Biochar has demonstrated considerable engineering potential for the remediation of TWP-associated composite pollution systems, although its practical effectiveness still requires validation under realistic environmental conditions. Biochar can be produced from a wide range of feedstocks, including agricultural residues, wood waste, and sewage sludge. By regulating pyrolysis conditions, biochars with distinct pore structures and surface chemical properties can be obtained. Laboratory batch experiments have shown that biochar exhibits favorable adsorption performance toward standard MPs and single heavy metal solutions through mechanisms including pore filling, hydrophobic interactions, hydrogen bonding, and surface complexation.

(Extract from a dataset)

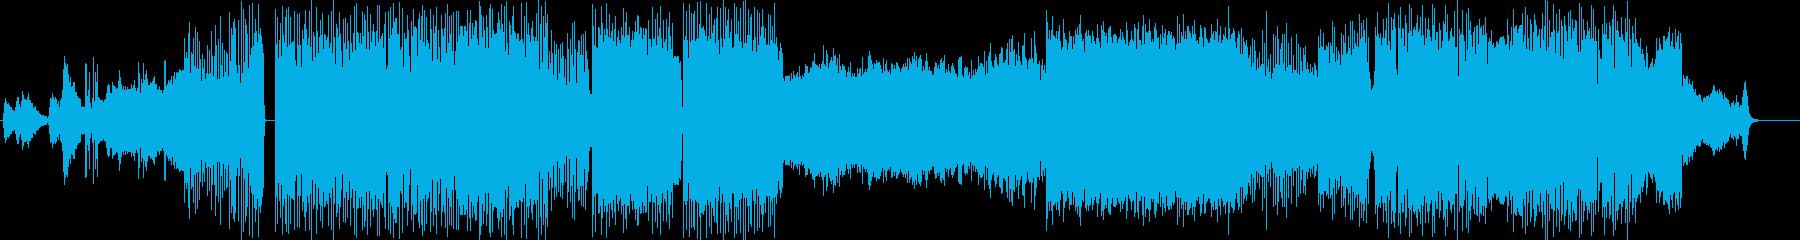 幻想的な音と怪しくもノリ良いビートの曲の再生済みの波形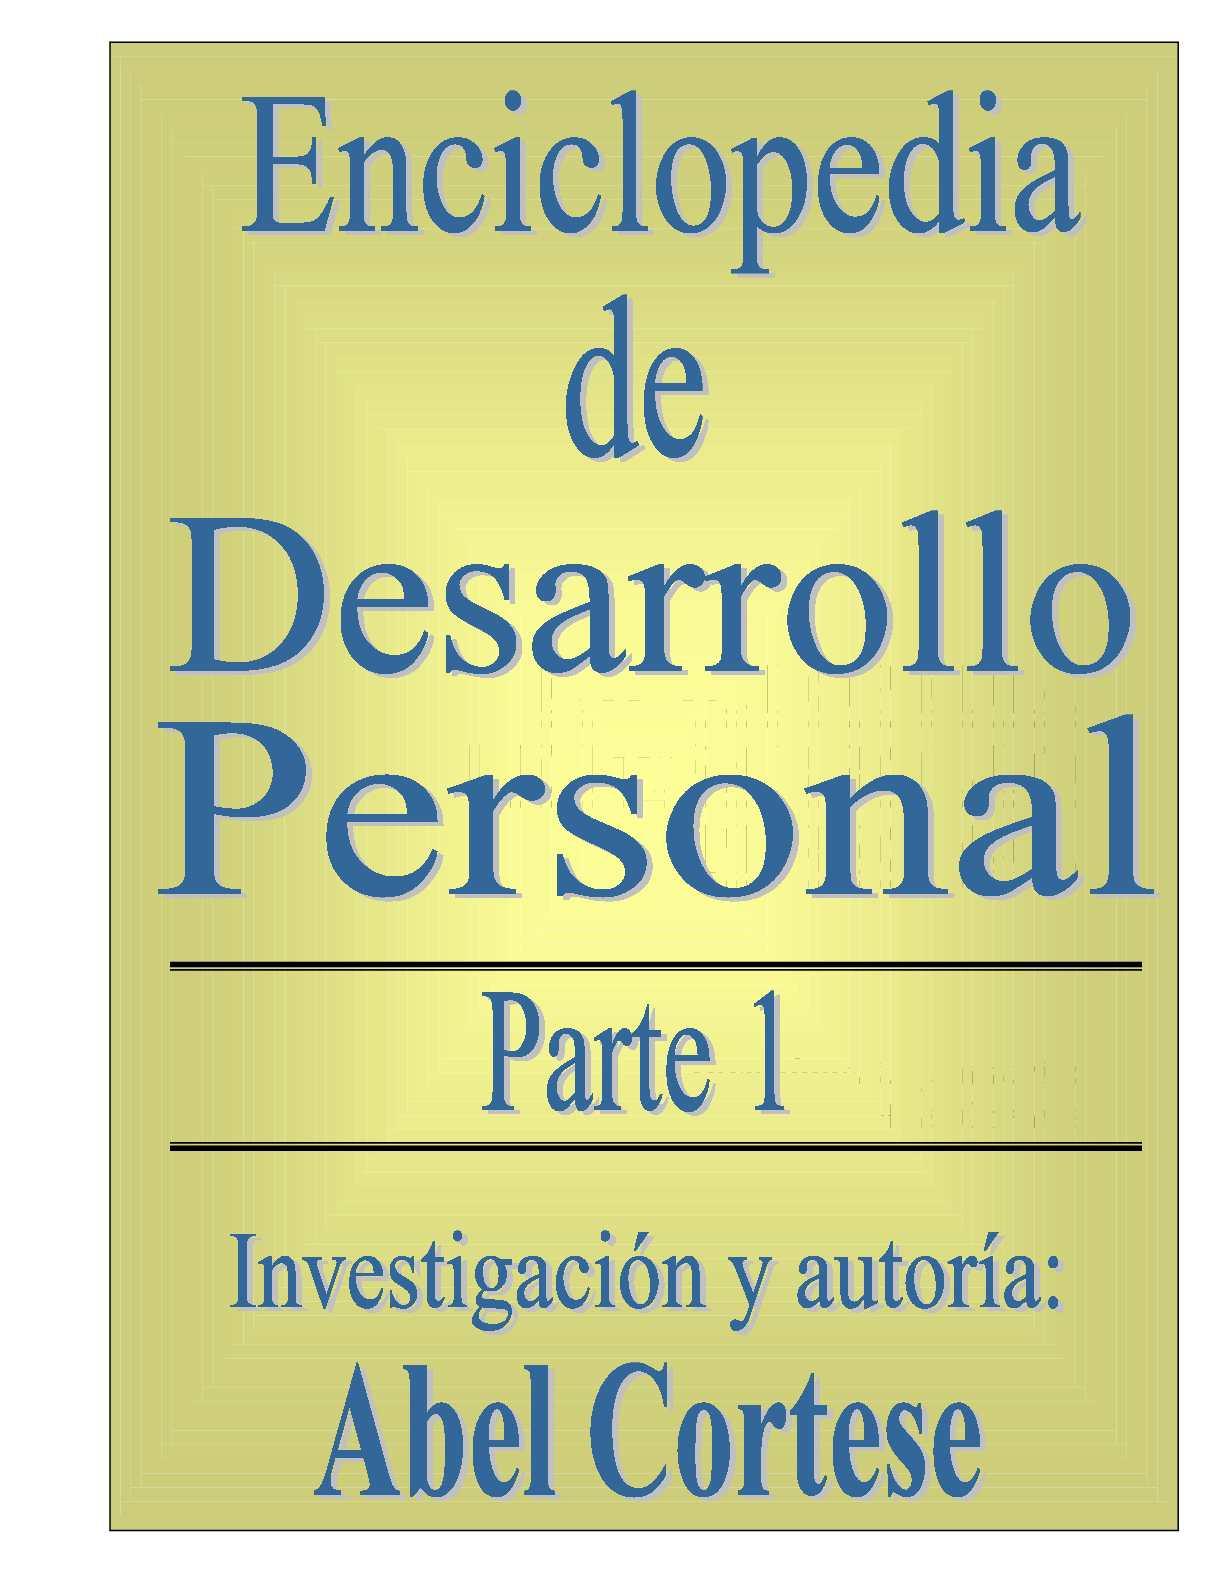 Calaméo - Abel Cortese - Enciclopedia de desarrollo personal Parte 1

However, under realistic road runoff conditions, biochar is subjected to substantially greater competitive constraints. High concentrations of suspended solids may block surface pores, while DOM can compete for hydrophobic adsorption sites. In addition, the release of inorganic fillers such as zinc oxide may alter local pH conditions and consequently affect surface charge distributions. Carbon black particles attached to TWPs may also occupy active adsorption sites on biochar surfaces. The long-term operational behavior of biochar in dynamic filtration systems - including breakthrough curve characteristics, regeneration methods after adsorption saturation, and performance deterioration during repeated cycles - has not yet been systematically evaluated through column experiments or pilot-scale studies. From an engineering and economic perspective, large-scale biochar production must address challenges related to feedstock consistency, pyrolysis energy consumption, and product stability. Potential risks associated with residual PAHs and heavy metal leaching during final disposal should also be incorporated into life-cycle assessments. If these limitations can be overcome, biochar may serve as an effective permeable filler in stormwater management systems, a supplementary substrate in constructed wetlands, or a pretreatment adsorption unit in wastewater treatment processes, thereby contributing to the source interception of TWPs and associated pollutants.

Therefore, for engineering applications, it is necessary to establish performance evaluation standards based on realistic TWPs containing carbon black, zinc oxide, vulcanization systems, and road-derived mineral particles. Pilot-scale studies integrating stormwater control facilities, such as bioretention systems and filtration swales, with wastewater treatment processes should be conducted to systematically monitor the long-term behavior of particle retention, media breakthrough, and additive release. At the same time, four independent indicators - phase-transfer efficiency, degree of structural transformation, mineralization rate, and toxicity attenuation index - should be clearly distinguished to avoid mechanistic misinterpretation caused by inconsistent terminology. Only by integrating material development with engineering-scale validation can TWP management shift from simple concentration reduction toward comprehensive risk control.